● **Exercise materials**:
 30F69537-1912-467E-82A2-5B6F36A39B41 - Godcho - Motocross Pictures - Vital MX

...

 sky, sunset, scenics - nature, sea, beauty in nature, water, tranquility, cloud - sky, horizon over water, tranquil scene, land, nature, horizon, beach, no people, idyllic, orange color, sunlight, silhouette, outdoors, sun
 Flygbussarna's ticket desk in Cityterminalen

● **Brief**:
The listing above holds a line with "sky, sunset, scenics" and a line with "Flygbussarna's ticket desk in Cityterminalen". Print the stretch from the first through the second, exactly and alone.

● **Result of this exercise**:
 sky, sunset, scenics - nature, sea, beauty in nature, water, tranquility, cloud - sky, horizon over water, tranquil scene, land, nature, horizon, beach, no people, idyllic, orange color, sunlight, silhouette, outdoors, sun
 Flygbussarna's ticket desk in Cityterminalen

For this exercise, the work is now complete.